🔬 Research Summary by Maggie Delano, an Assistant Professor of Engineering at Swarthmore College whose research focuses on developing medical devices for chronic diseases and inclusive engineering design.
[Original paper by Kendra Albert and Maggie Delano]
Overview: Considering sex and gender in medical machine learning research may help improve health outcomes, especially for underrepresented groups such as transgender people. However, medical machine learning research tends to make incorrect assumptions about sex and gender that limit model performance. In this paper, we provide an overview of the use of sex and gender in machine learning models, discuss the limitations of current research through a case study on predicting HIV risk, and provide recommendations for how future research can do better by incorporating richer representations of sex and gender.
Introduction
False assumptions about sex, gender, and their intersections are deeply embedded in society, and medical machine learning is no exception. We reviewed over two dozen medical machine learning papers in our recent paper. We found that sex and gender are almost universally considered binary variables, with frequent substitution of sex for gender and vice versa. Not only are sex and gender not binary, but their use in machine learning is indirect: they serve as proxies for variables that may have more direct clinical relevance, such as hormone status, diet, or genetics. However, without a better understanding of what sex and gender are proxies for, models trained using these data will perform worse for anyone who deviates from the average. We encourage any researchers developing or using models incorporating sex and/or gender to educate themselves about sex/gender, work in teams with a range of competencies, and focus on untangling the variables most predictive for their work.
Key Insights
Sex Is Not A Binary Variable
While the binary sex variable in a machine learning model might seem straightforward, it is more complex. Sex acts as a proxy for a variety of biological and sociocultural variables. This includes not only biological attributes commonly associated with a given sex, like hormone status or chromosomes, but also gendered practices, such as diet or exercise patterns that imprint on the body. With sex as a “stand-in” for so many different variables, the predictive power of a machine learning model is reduced, especially for individuals that deviate from the average individual in the training set. This exacerbates existing issues with model transferability and means performance will be especially worse for historically marginalized populations such as transgender people.
As transgender people have become more accepted in society, there’s been increasing recognition that sex and gender are distinct, though entwined, concepts. However, this acceptance has not yet translated to improvements in how sex and gender are used in medical machine learning models. We reviewed over two dozen medical machine learning papers published since 2016 and found that these papers overwhelmingly continue to use binary sex variables. In some cases, authors use the word “gender” to refer to this variable, even though the labels are “M” and “F.” This is a phenomenon we call sex/gender slippage, where the presumed concordance of sex and gender leads to the frequent substitution for one variable with the other.
Sex Confusion
The trouble with relying on a binary sex variable is apparent when one considers the confusion that can result when using it in a medical context. Many transgender people choose to update their identifying documents to match their gender. This is not only affirming but may also be necessary for safety reasons. When a transgender person receives medical care, it may not be clear from their medical records whether the listed sex is the sex they were assigned at birth or a sex that reflects their current gender identity. This is what we call “sex confusion.” EHRs introduced a gender identity field to try to address this issue. However, our research suggests that in many cases, the gender identity field is used more for avoiding misgendering patients, not necessarily to consider it for delivering medical care. Many clinicians consider sex assigned at birth more important than gender identity, even when it may not be relevant for care in a given context. We call this “sex obsession.”
Doing Better
When machine learning models use sex and/or gender variables, they must reconcile not only with sex confusion (knowing whether something is sex assigned at birth or not) but also with sex obsession (the idea that what really “matters” is sex assigned at birth). We advocate for researchers to approach model development with a mindset of designing from the margins by focusing on increasing data richness.

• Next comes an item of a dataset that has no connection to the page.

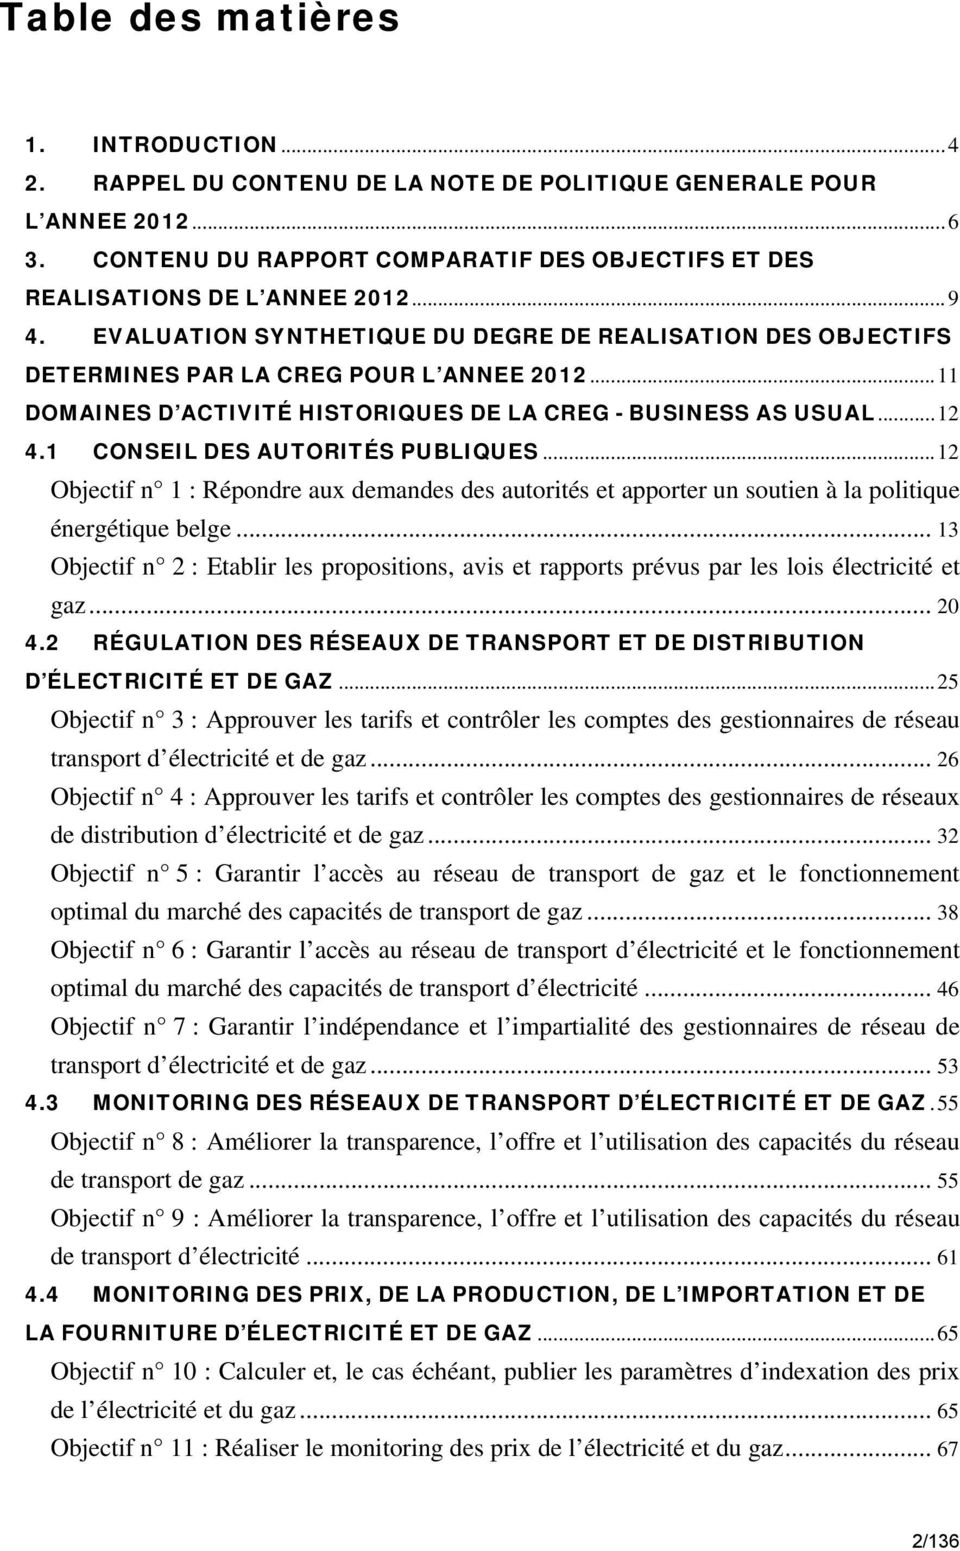 1 CONSEIL DES AUTORITÉS PUBLIQUES... 12 Objectif n 1 : Répondre aux demandes des autorités et apporter un soutien à la politique énergétique belge.

A design from the margins approach centers on people historically decentered. One way to do this in a machine learning context is data richness. Rather than only using a binary variable for sex or gender, consider using a variety of variables that might be relevant to the research question and include additional information such as disease onset, phenotype, etc. By focusing on data richness, researchers can build more predictive models and have a deeper understanding of which variables improve model performance, thereby potentially improving performance for groups not served by a binary approach. This improves outcomes for underrepresented groups and everyone, as there is a more foundational understanding of the predictive variables.
Between the lines
Funding institutions and journals have called for increased consideration of sex and gender in clinical research. However, without avoiding the pitfalls we describe in our paper, this research may have a limited impact, especially for the marginalized groups this consideration is intended to help. Designing from the margins and focusing on data richness take time but can positively impact everyone.

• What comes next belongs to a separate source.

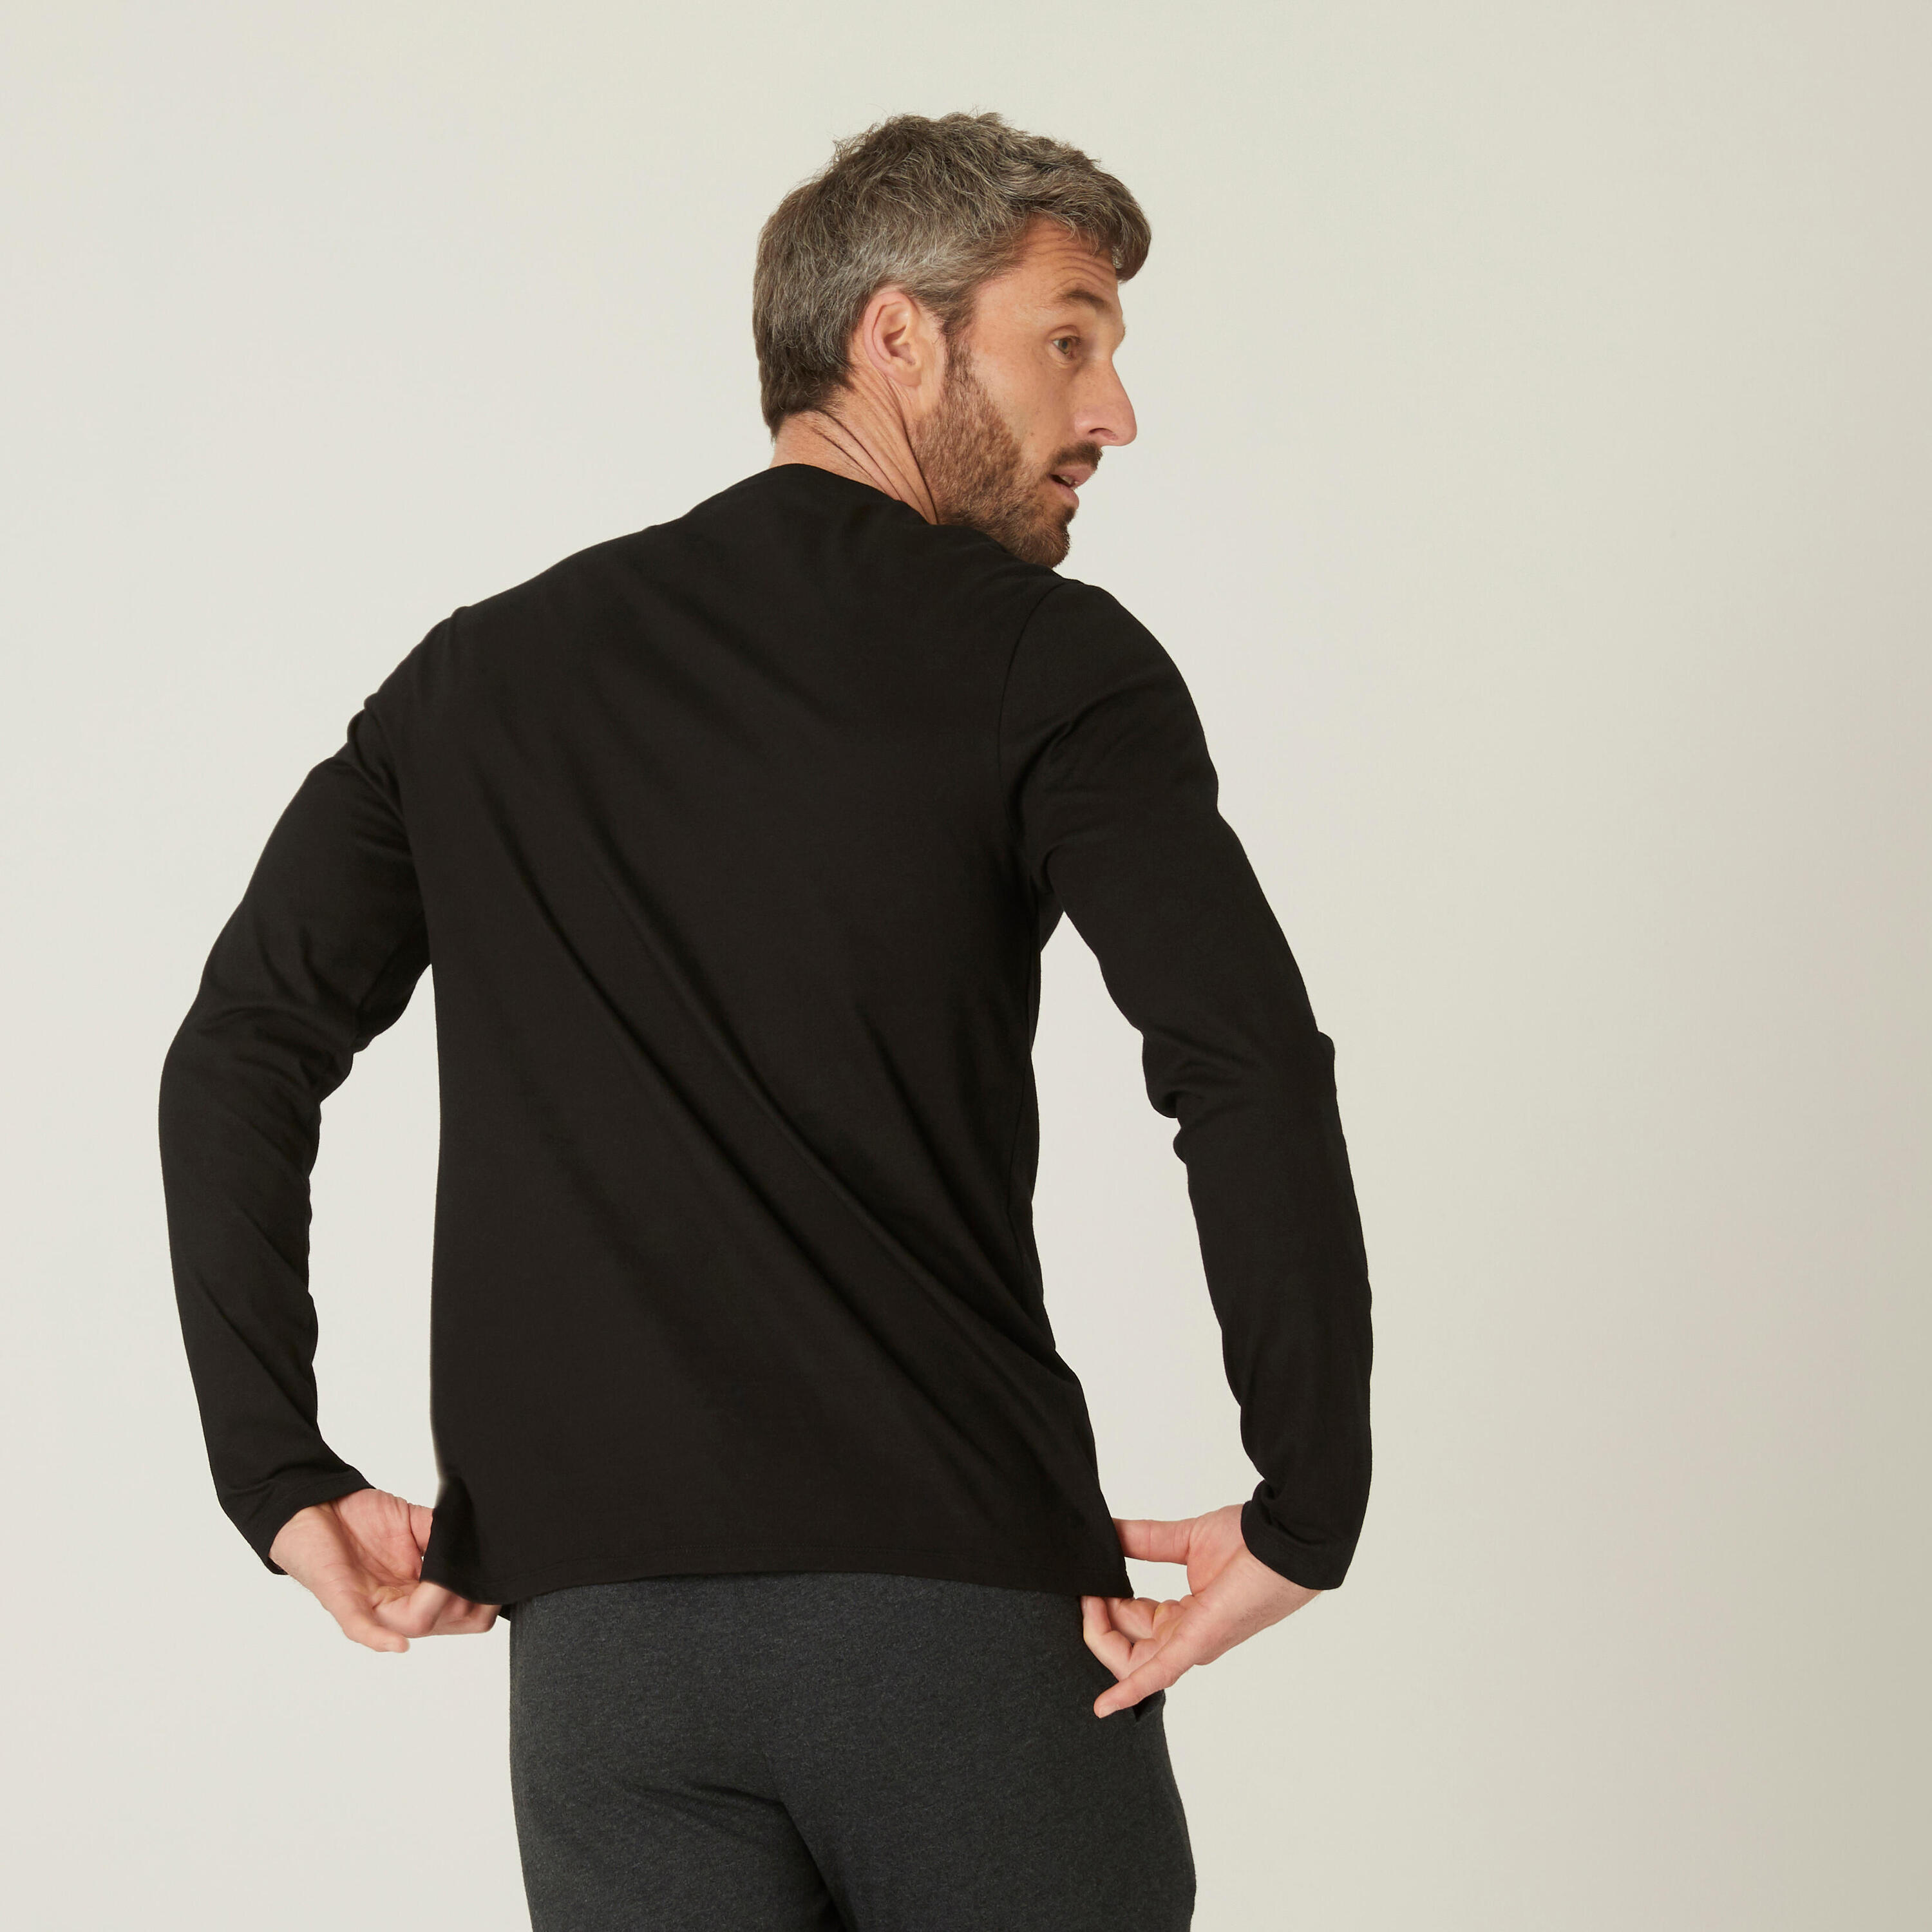 Men's Long-Sleeved Fitness T-Shirt 100 - Black 2/4

Moving beyond binary sex variables requires a mindset shift and new clinical research and research methods. Researchers must be willing to take things slow and consider which variables to incorporate into their models. Unfortunately, which variables to include might not be clear as medical research has historically held many of the same false assumptions that medical machine learning research has. More support for basic research will be needed to help researchers investigate further rather than falling back on existing approaches. Funding institutions and journals will need to weigh the costs of continuing to support work that relies on binary sex variables and how to support the development of new models and datasets while recognizing that all research has limitations.